The Ligue Internationale de Hockey sur Glace (LIHG) which oversaw ice hockey at the Olympics, met before the games started and ruled that Jimmy Foster and Alex Archer were ineligible to compete for Great Britain since the players were under suspension by the Canadian Amateur Hockey Association (CAHA) for not seeking permission to transfer internationally. Great Britain's manager Bunny Ahearne contested that international rules stated a player could leave a country without seeking permission, and the CAHA suspensions should not apply. CAHA president E. A. Gilroy had lodged a complaint with the LIHG in September 1935, but the LIHG had not held a meeting until the eve of the Olympics. Gilroy denied making a last-minute protest for fear of Canada (represented by 1935 Allan Cup runners-up Port Arthur Bearcats) losing to Great Britain. He chose not to object to the two players participating as a gesture of sportsmanship towards Great Britain. The Canadian Press reported that Canadian officials agreed to lift the suspensions on Foster and Archer after "considerable pressure had been brought to bear on Canadian officials by British Olympic higher-ups".

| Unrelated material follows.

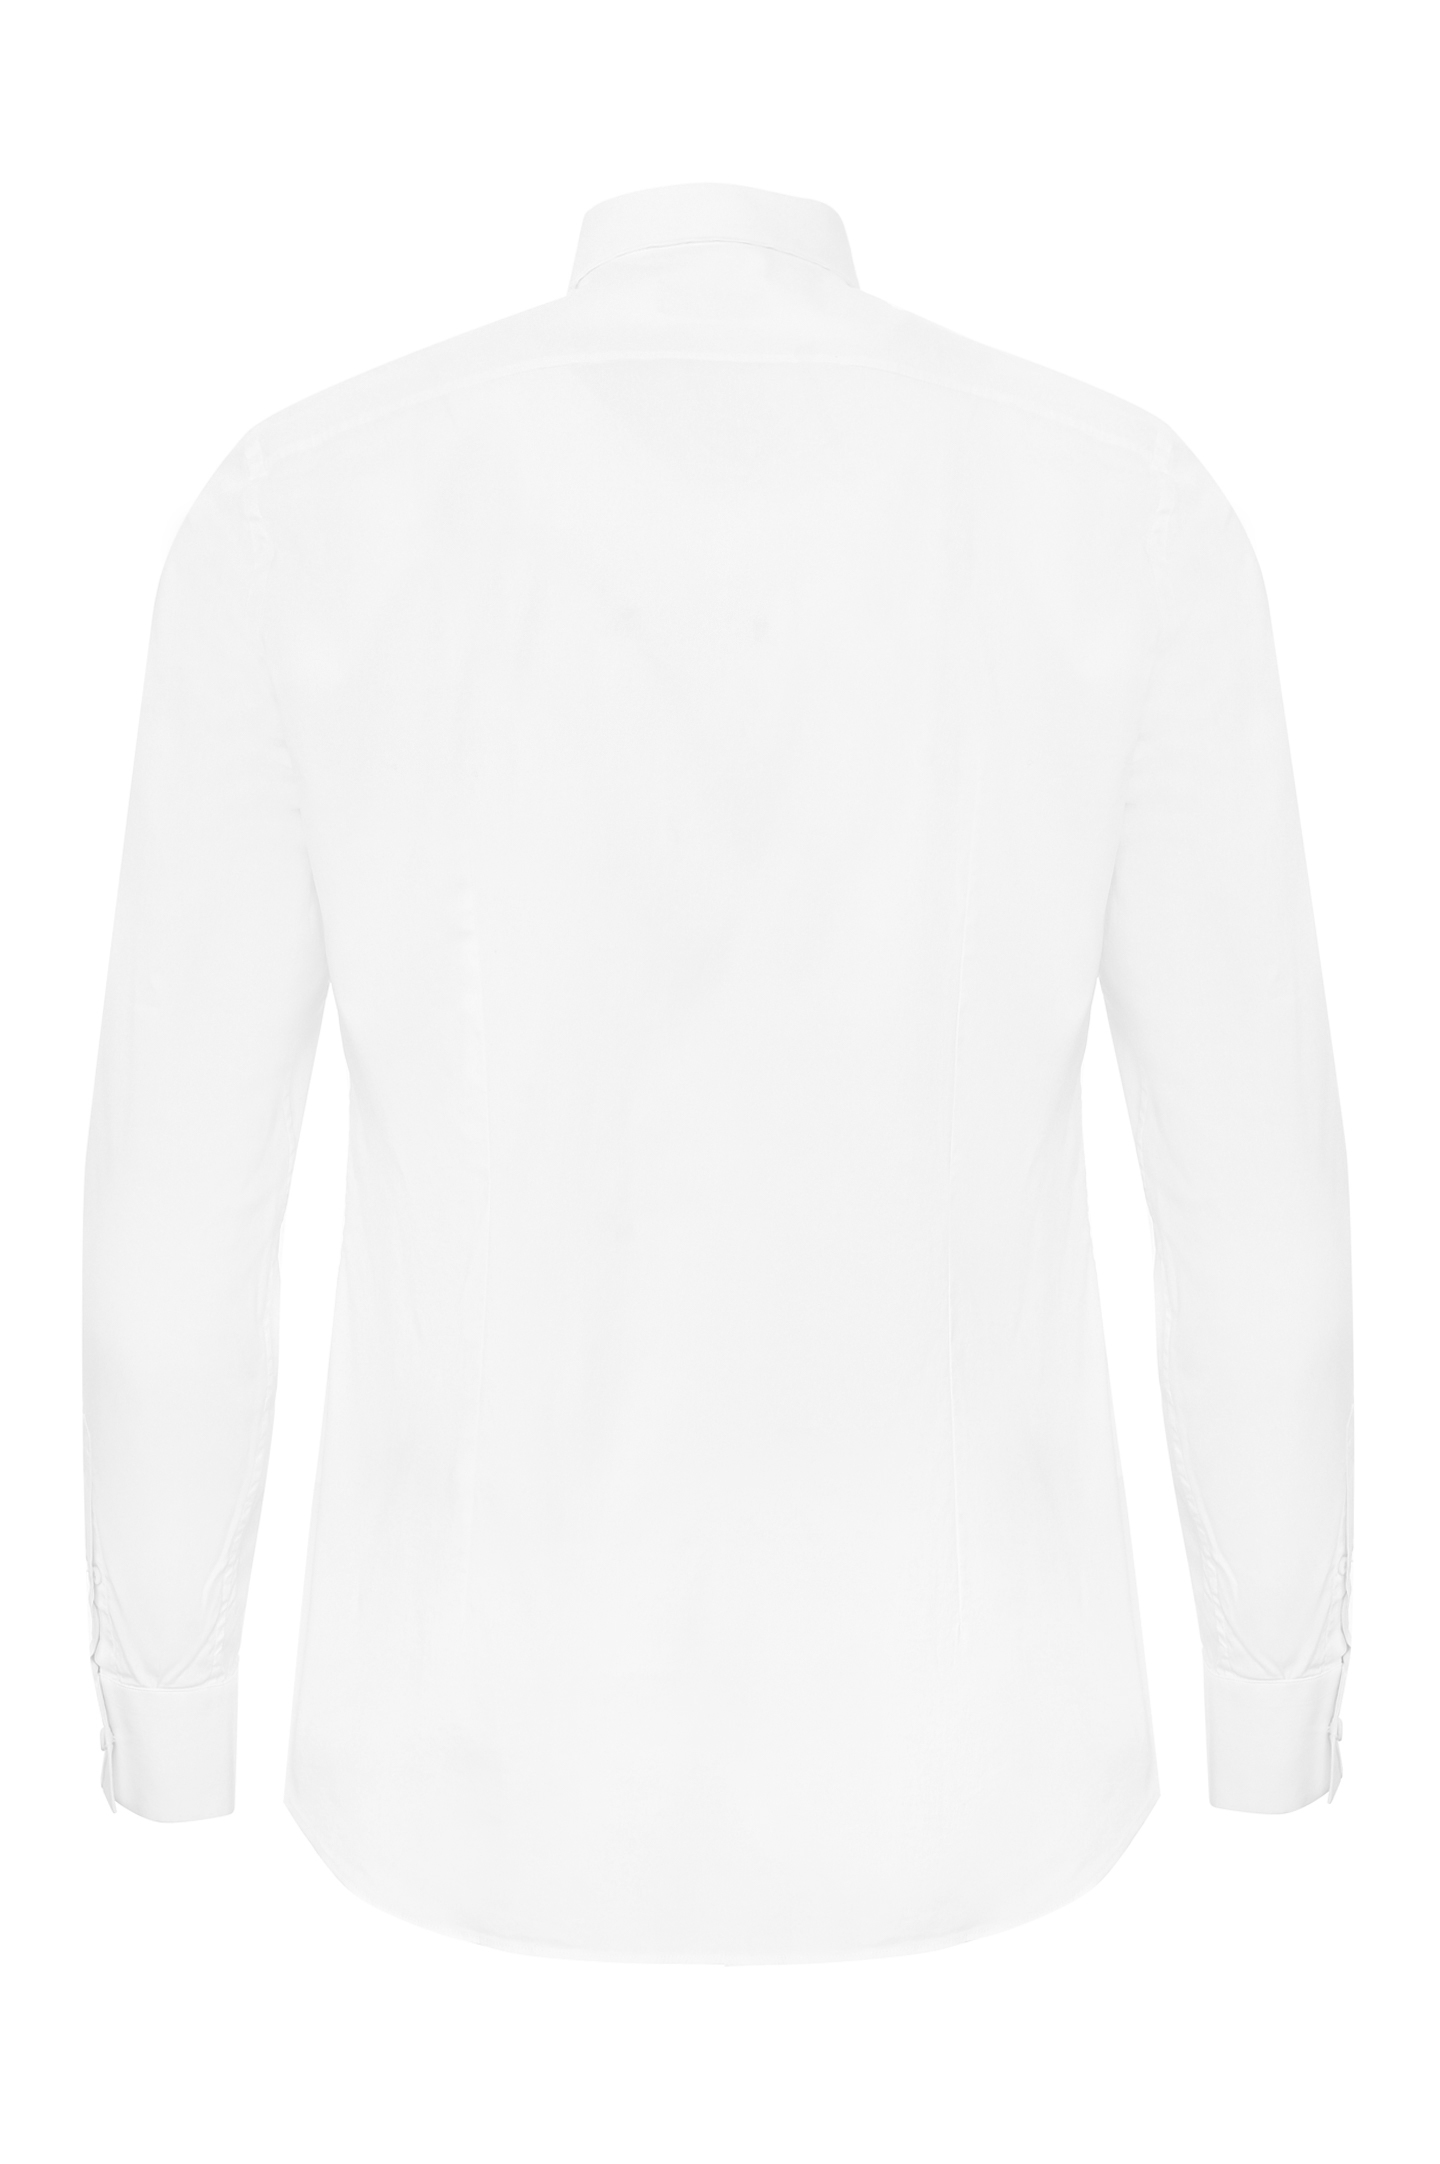 Рубашка PRADA UCN259 F62, цвет: Белый, Мужской

Still unhappy with the state of affairs were the Americans, who did not believe the rules were being followed, and the French, who were very angry that Canada did not repeal their protest with them. Before the second round of games began, other participating hockey nations threatened to protest the victories by Great Britain due to the use of CAHA players, and called for an emergency meeting.

Yugoslavia was to have competed, but dropped out on short notice. For the opening round, the 15 teams were drawn into three groups of four and one group of three. The top four finishers of the 1935 World Championships (Canada, Switzerland, Great Britain, Czechoslovakia) were guaranteed placement in separate groups. And despite the non-participation of the United States the previous year, the organizers recognized the relative strength of the American team, and guaranteed their placement would not be in World Champion Canada's group.

The tournament itself featured very close play for the medals. It was played in three rounds beginning with four groups, where the two best teams of each group moved on to two groups of four, where again the two best moved on to a final round robin group of four, to determine the medals.

The major upset occurred in the semi-finals, when Britain's Edgar Brenchley scored late in the third to defeat Canada two to one, setting up the eventual gold medal outcome. The format at these Olympics was to have head-to-head results from the semi-finals carried forward, so that the finals could be a four team round robin with only two additional games per team. The British team's shock victory over the Canadians, plus the win by the USA over Czechoslovakia, both counted in the tables for the final round.

Before the final round began, Canada threatened to withdraw from Olympic hockey when it learned that the playoffs format would carry over the loss to Great Britain past the second round-robin series, since the tournament format stated that teams did not have to play one another more than once. Gilroy was unaware of the playoff format in advance of the Olympics, and took objection to the sportsmanship of Canadian officials being questioned, after a special meeting decided not to alter the format.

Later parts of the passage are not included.